*Data provided*:
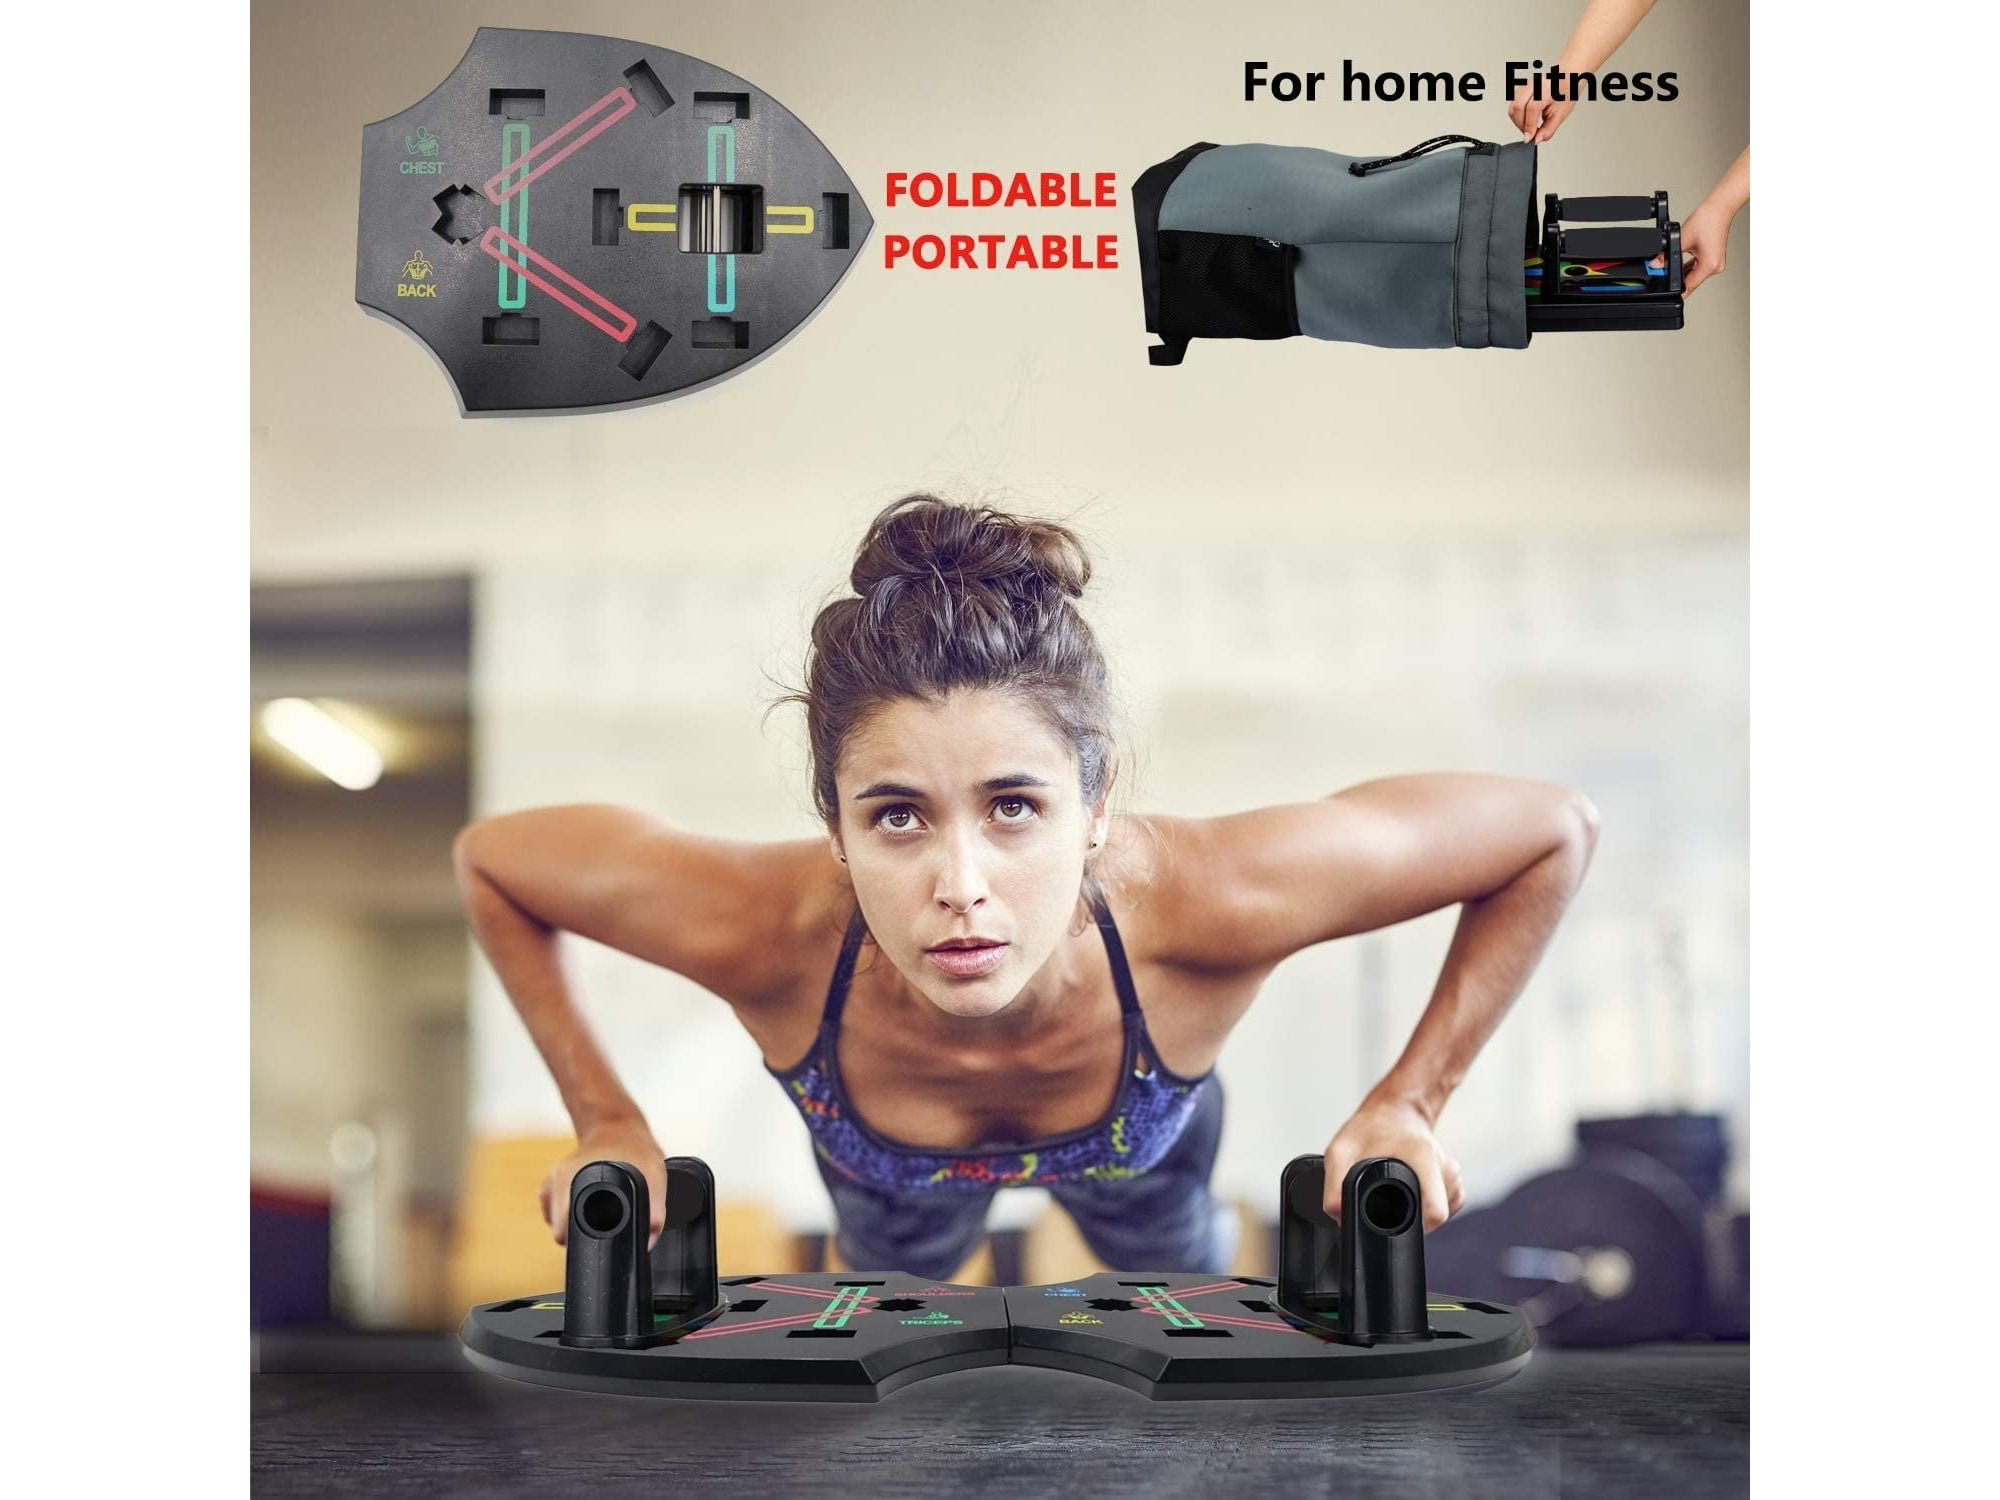 Eoneka Push Up Board 12 In 1 Fitness Pushup Stand Home Workout
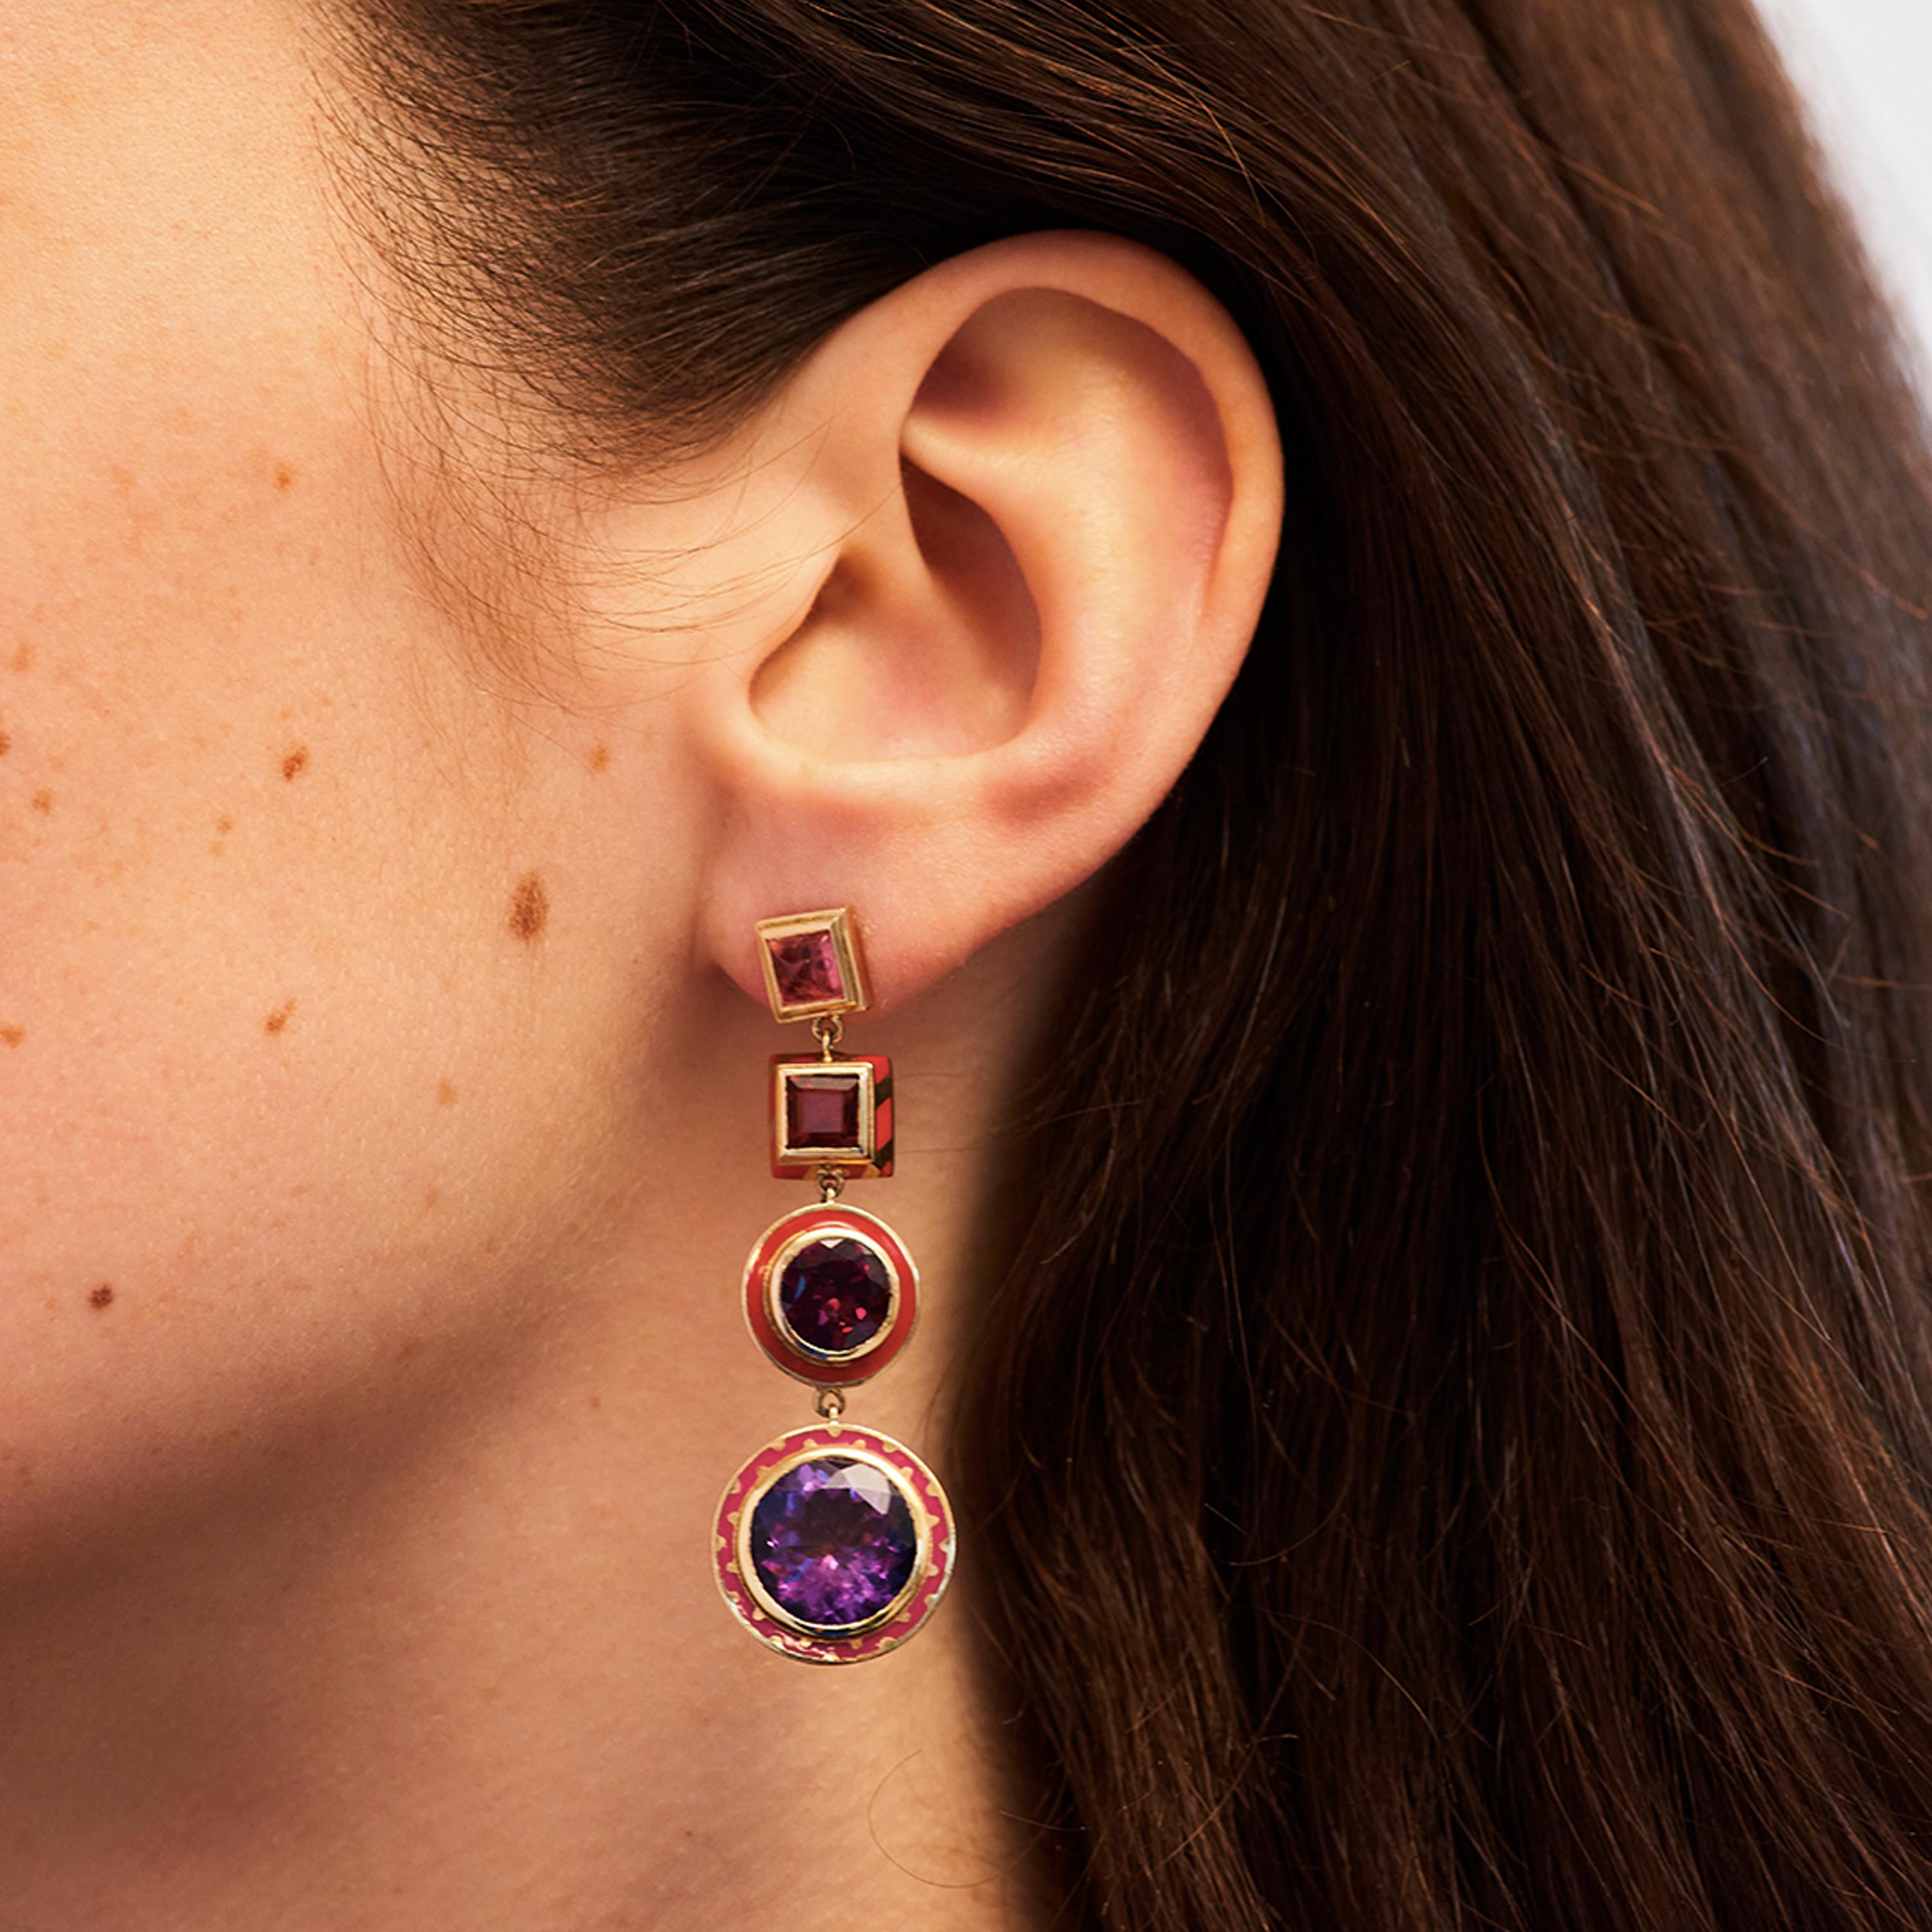 Alice Cicolini’s Candy Lacquer Chandelier Earrings feature rhodolite garnets, alongside pink tourmaline sugarloaf, madeira citrines princess, rhodolite garnet and amethyst rounds set in 14 karat yellow gold with lacquer enamel. 

Taking inspiration

*Exercise description*: Copy the entire listing exactly but skip the pictures.

*Expected answer*:
 Eoneka Push Up Board 12 In 1 Fitness Pushup Stand Home Workout
 Alice Cicolini’s Candy Lacquer Chandelier Earrings feature rhodolite garnets, alongside pink tourmaline sugarloaf, madeira citrines princess, rhodolite garnet and amethyst rounds set in 14 karat yellow gold with lacquer enamel. 

Taking inspiration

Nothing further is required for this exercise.